I'm working on the initial architecture for a solution for which an SOA approach has been recommended by a previous consultant. From reading the Erl book(s) and applying to previous work with services (and good design patterns in general), I can see the benefits of such an approach. However, this particular group does not currently have any traditional needs for implementing web services -- there are no external consumers, and no integration with other applications.
What I'm wondering is, are there any advantages to going with web services strictly to stick to SOA, that we couldn't get from just implementing objects that are "service ready"?
To explain, an example. Let's say you implement the entity "Person" as a service. You have to implement: 1. Business object/logic 2. Translator to service data structure 3. Translator from service data structure 4. WSDL 5. Service data structure (XML/JSON/etc) 6. Assertions
Now, on the other hand, if you don't go with a service, you only have to implement #1, and make sure the other code accesses it through a loose reference (using dependency injection, or a wrapper, etc).

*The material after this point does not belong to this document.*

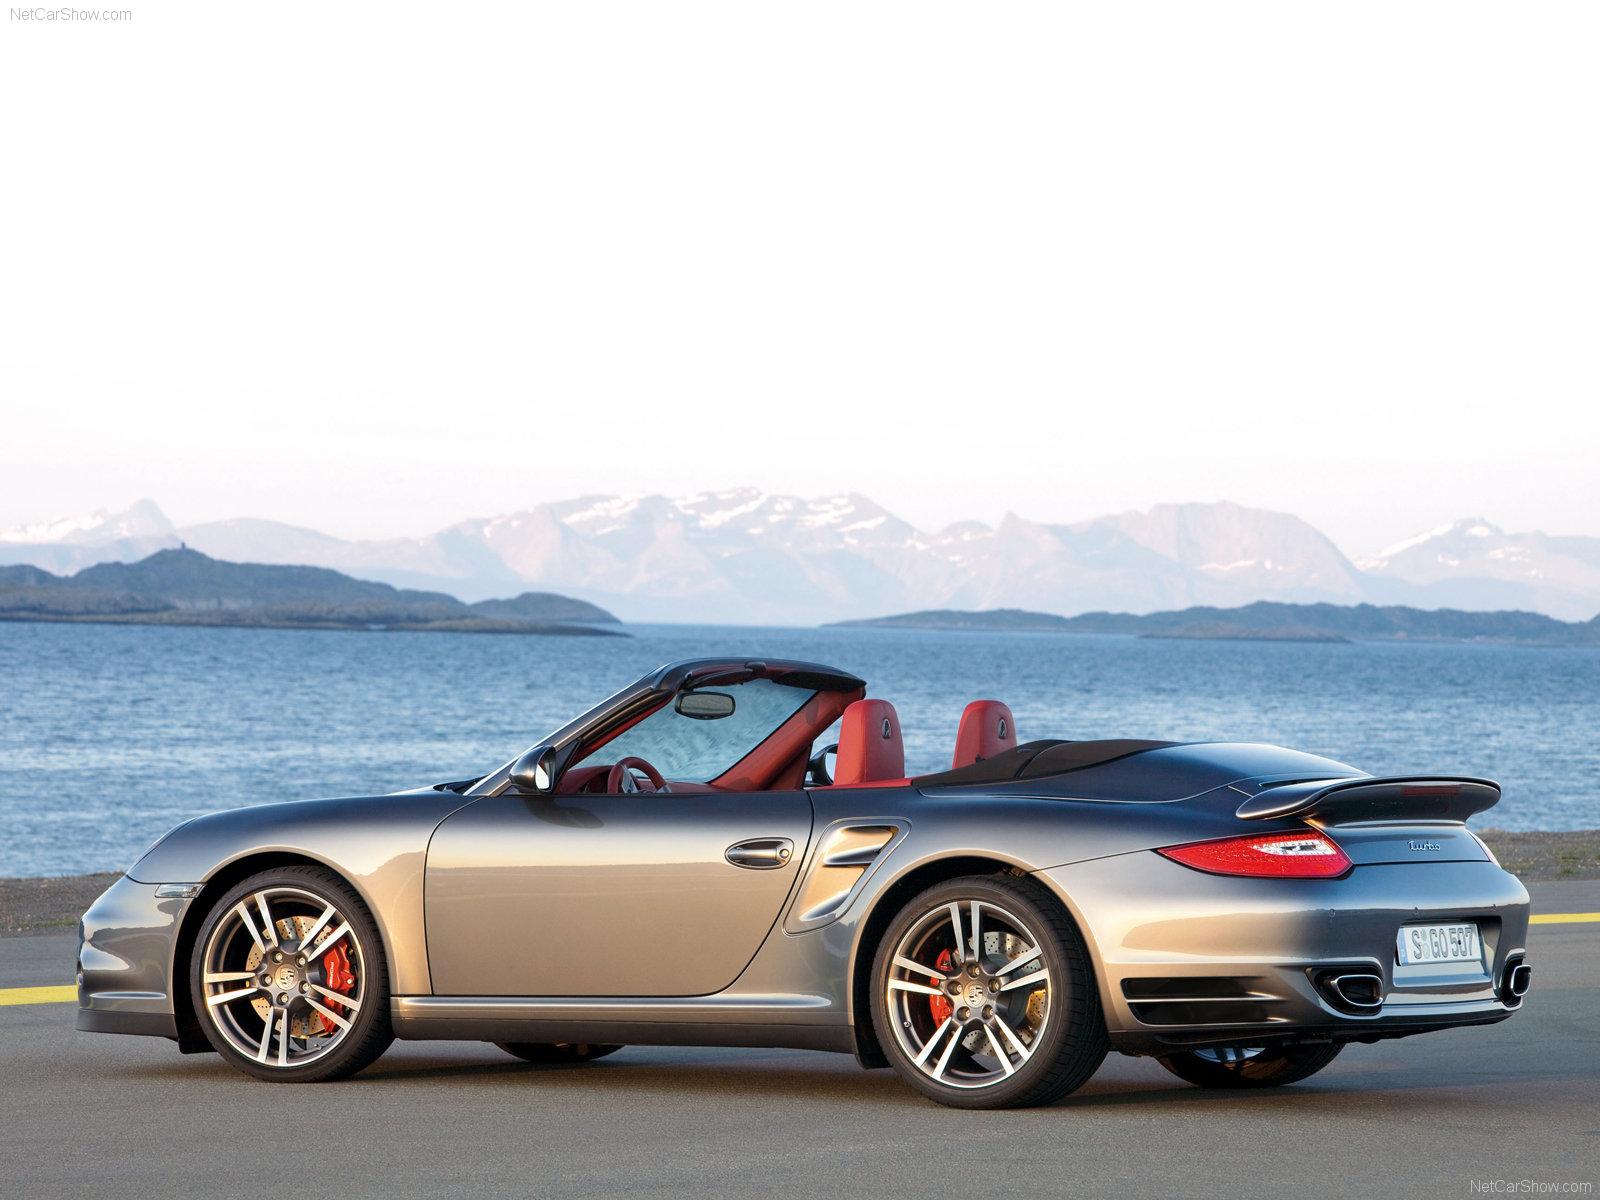 2010 grey porsche 911 turbo cabriolet wallpapers. Black Bedroom Furniture Sets. Home Design Ideas

Then, if it later becomes apparent that a service is needed, you can just have the reference instead point to #2/#3 logic above in a wrapper object (so all caller objects do not need updating), and implement the same amount of objects without a penalty to the amount of development you have to do -- no extra objects or code have to be created as opposed to doing it all up front.
So, if the amount of work that has to be done is the same whether the service is implemented initially or as-needed, and there is no current need for external access through a service, is there any reason to initially implement it as a service just to stick to SOA?